[Information supplied — start]

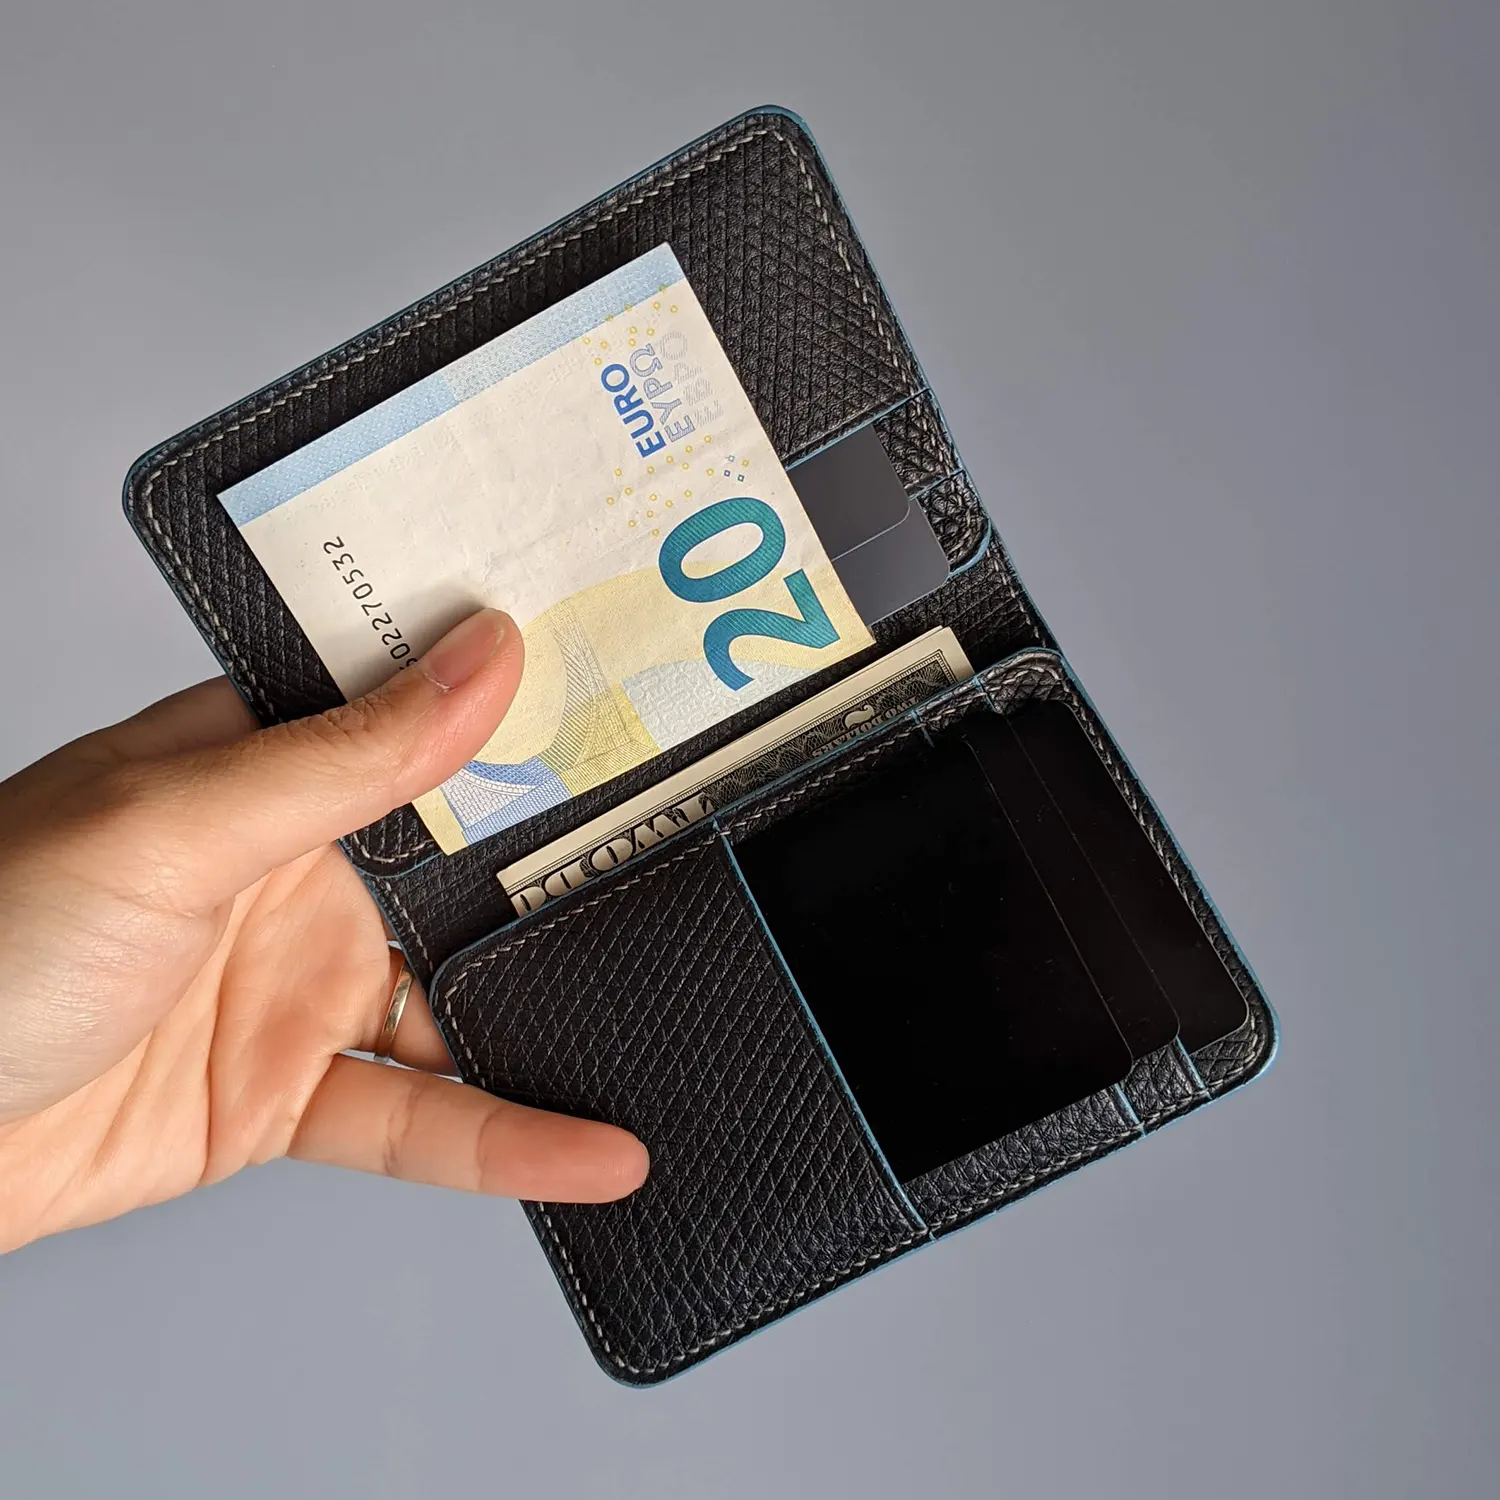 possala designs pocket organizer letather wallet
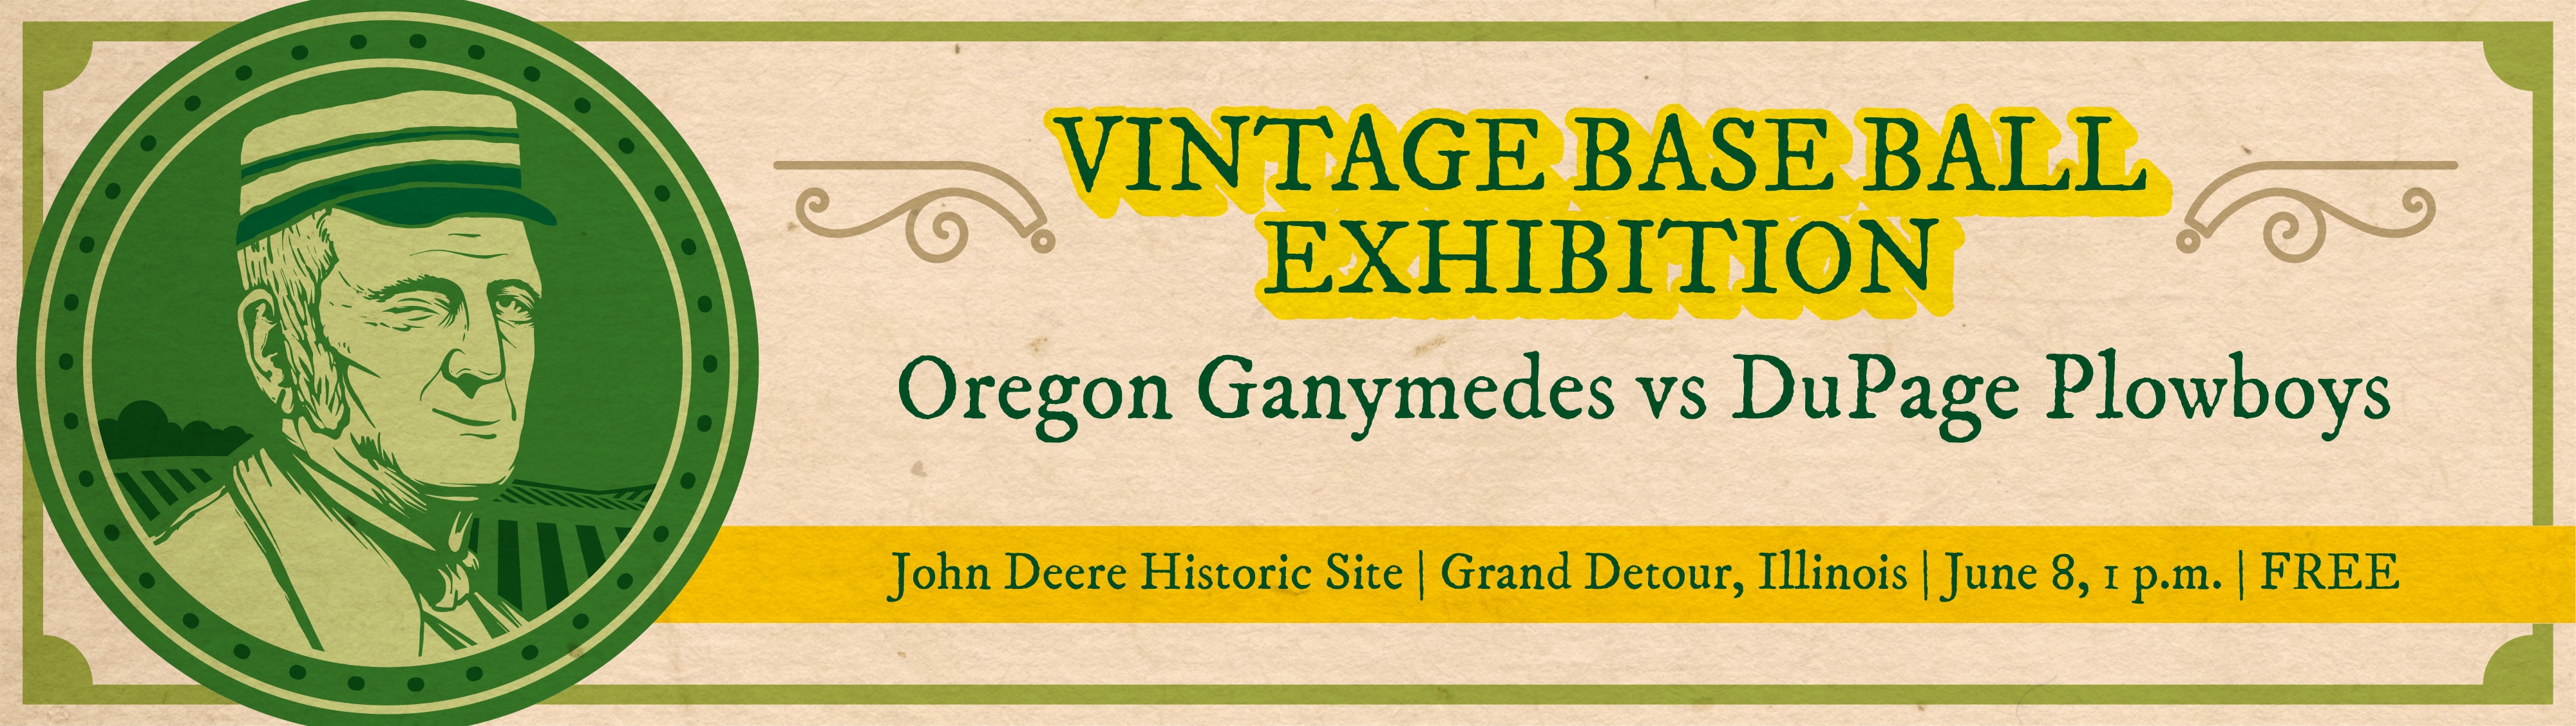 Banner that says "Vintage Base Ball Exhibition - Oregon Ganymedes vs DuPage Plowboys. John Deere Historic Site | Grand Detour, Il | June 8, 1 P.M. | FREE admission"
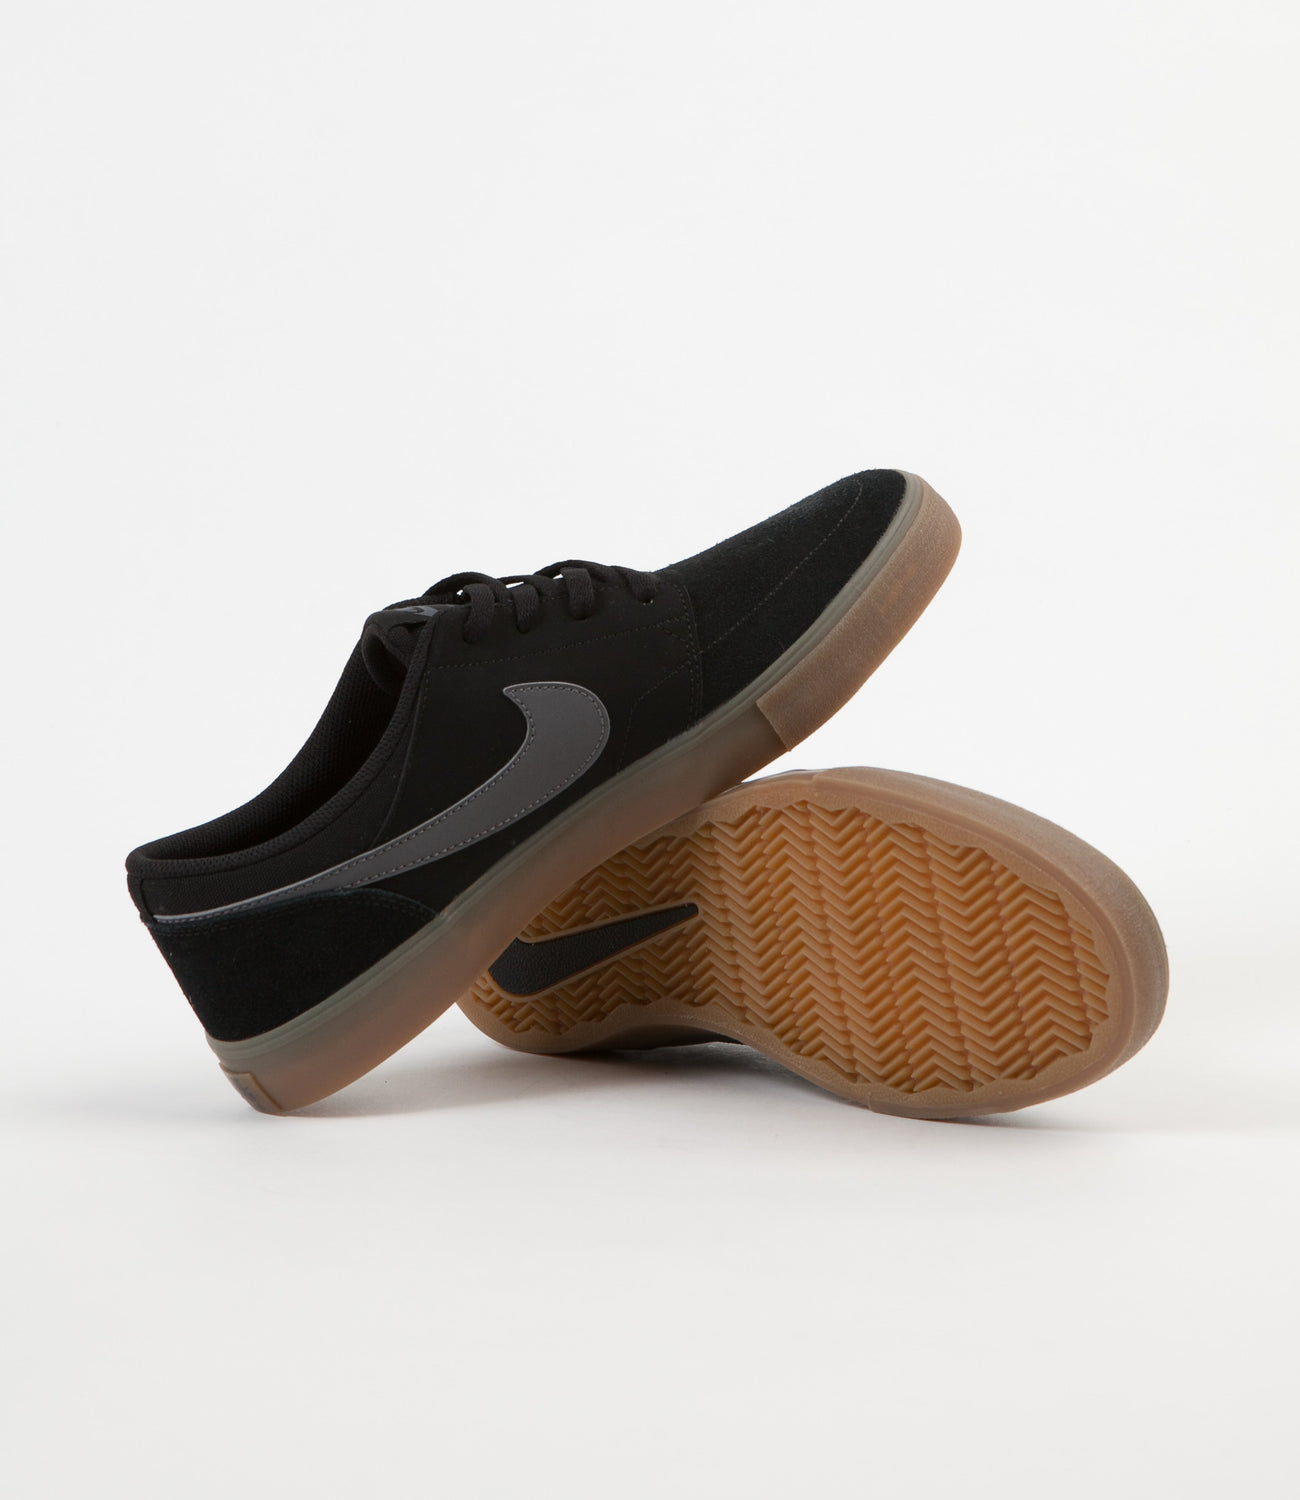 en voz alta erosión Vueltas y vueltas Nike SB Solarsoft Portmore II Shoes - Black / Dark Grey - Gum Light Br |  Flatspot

[Information supplied — finish]

Exercise prompt.
Write out the whole listing again, exactly, with no pictures.

Solved exercise.
 possala designs pocket organizer letather wallet
 Banner that says "Vintage Base Ball Exhibition - Oregon Ganymedes vs DuPage Plowboys. John Deere Historic Site | Grand Detour, Il | June 8, 1 P.M. | FREE admission"
 en voz alta erosión Vueltas y vueltas Nike SB Solarsoft Portmore II Shoes - Black / Dark Grey - Gum Light Br |  Flatspot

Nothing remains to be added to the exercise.